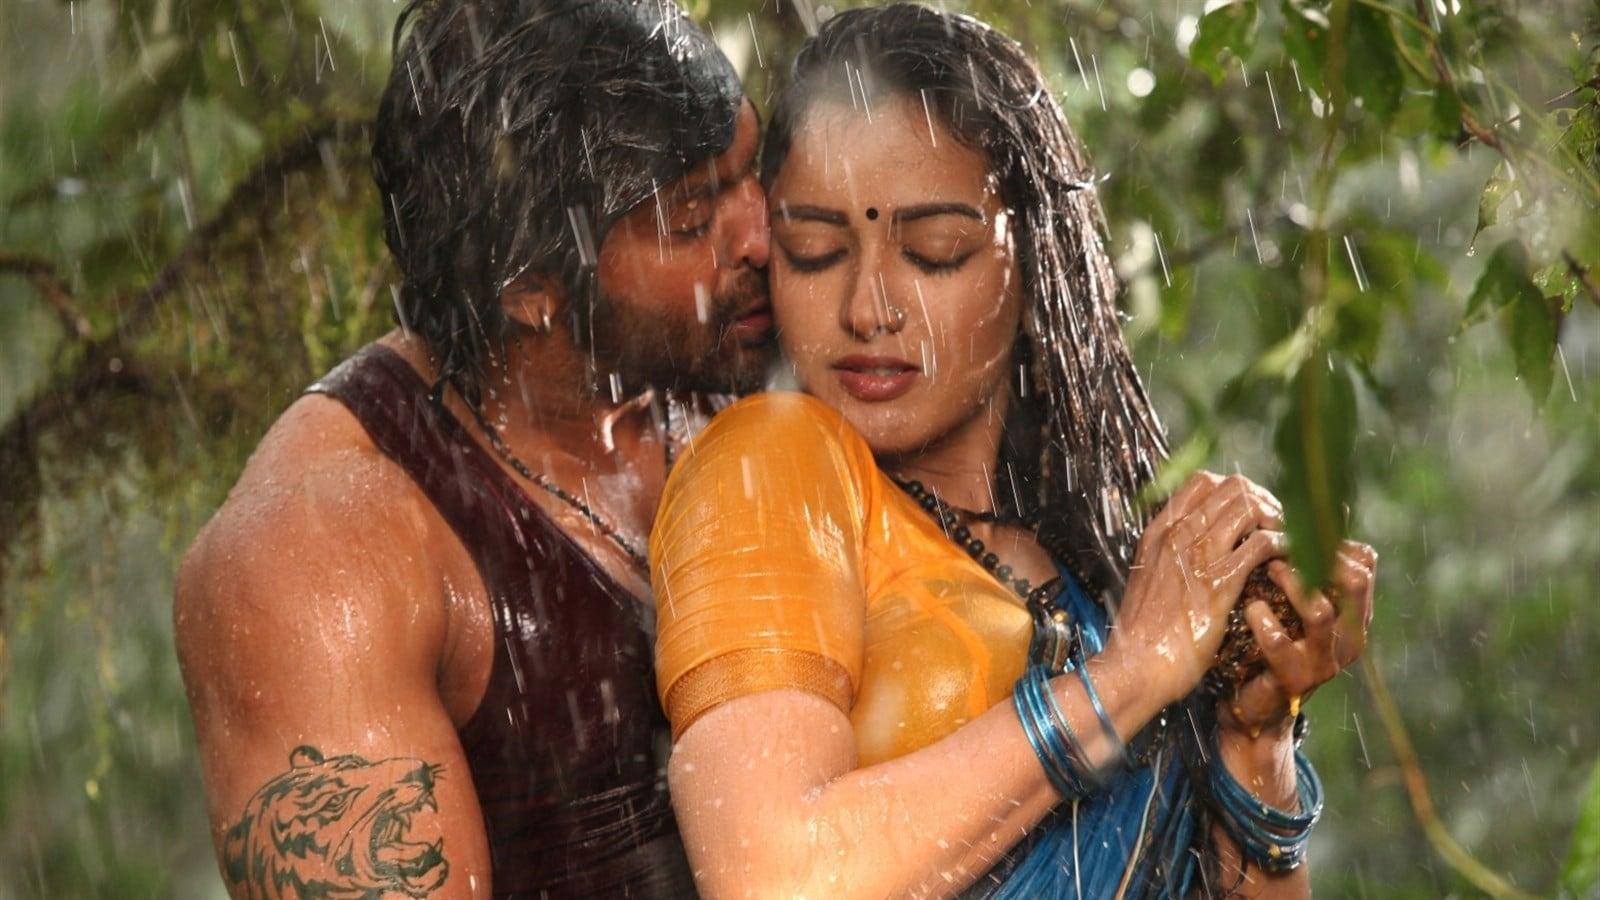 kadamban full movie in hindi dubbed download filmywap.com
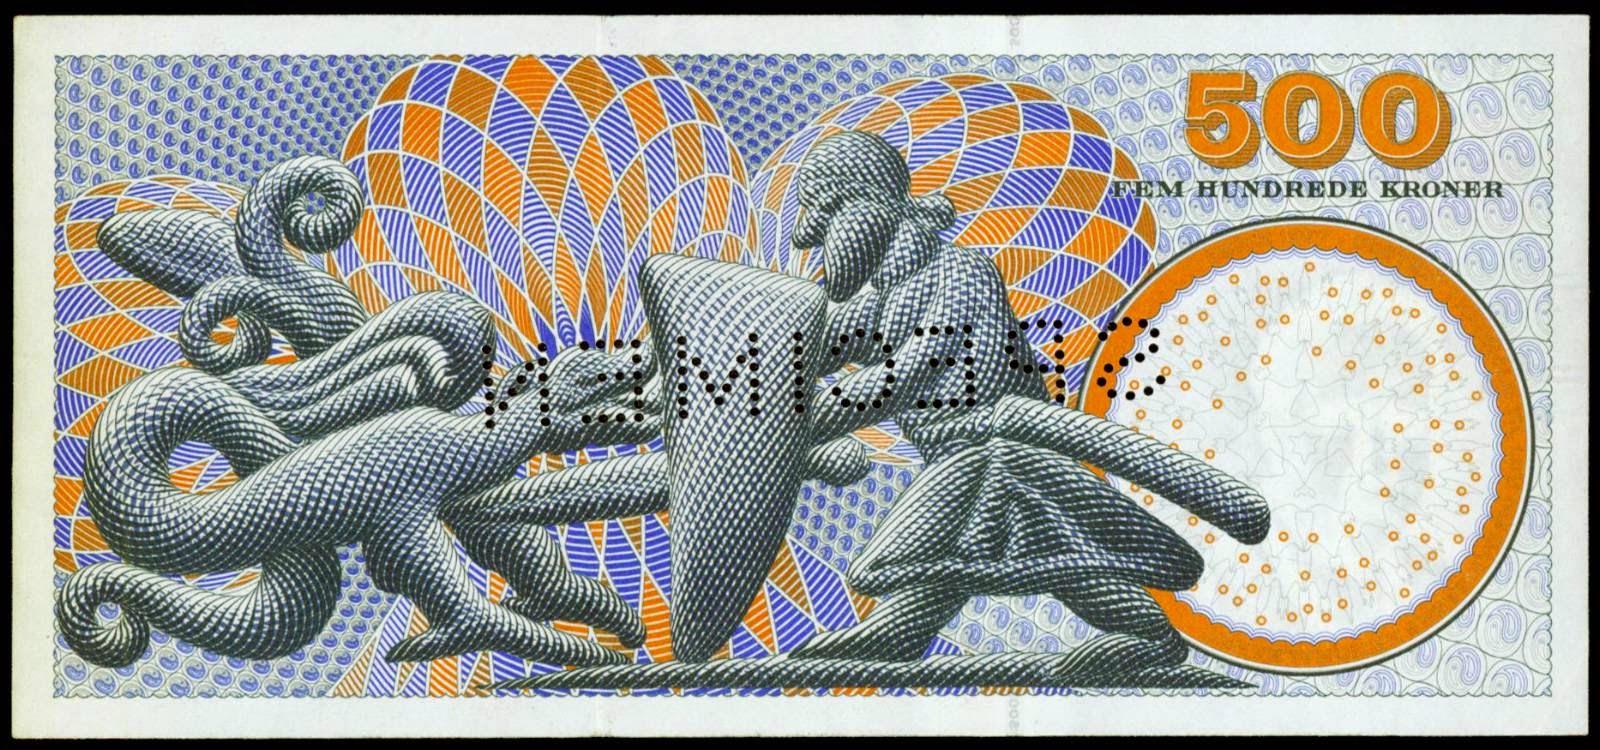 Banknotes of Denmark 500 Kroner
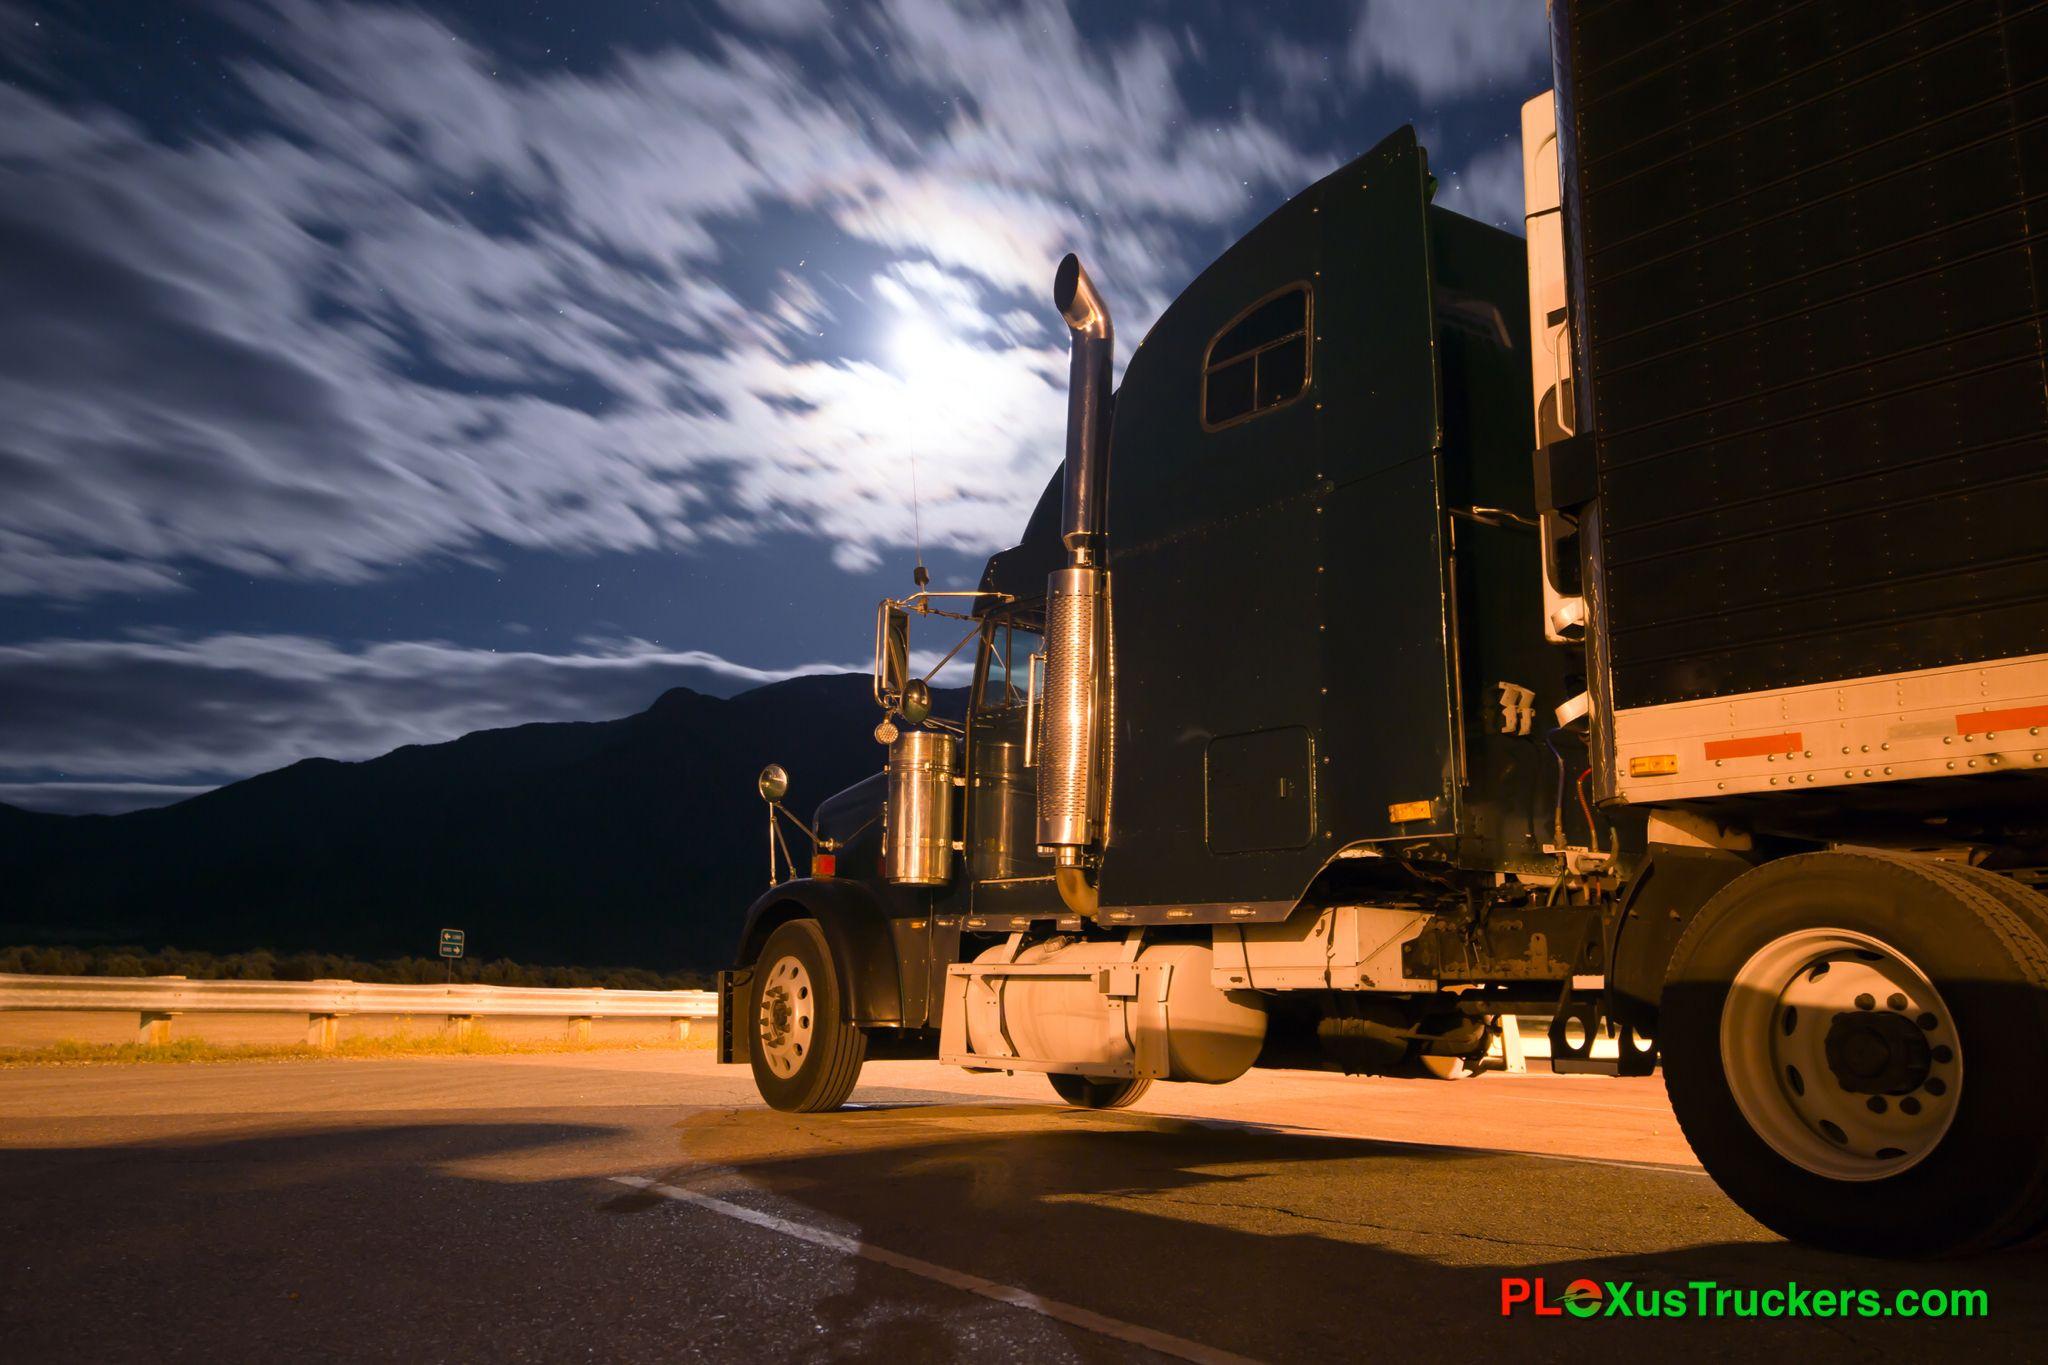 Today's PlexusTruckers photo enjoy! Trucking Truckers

──────

**WHAT YOU NEED TO DO**
Every last line above must be reproduced as written, and no pictures belong in the copy.

**ANSWER AREA**
 kadamban full movie in hindi dubbed download filmywap.com
 Banknotes of Denmark 500 Kroner
 Today's PlexusTruckers photo enjoy! Trucking Truckers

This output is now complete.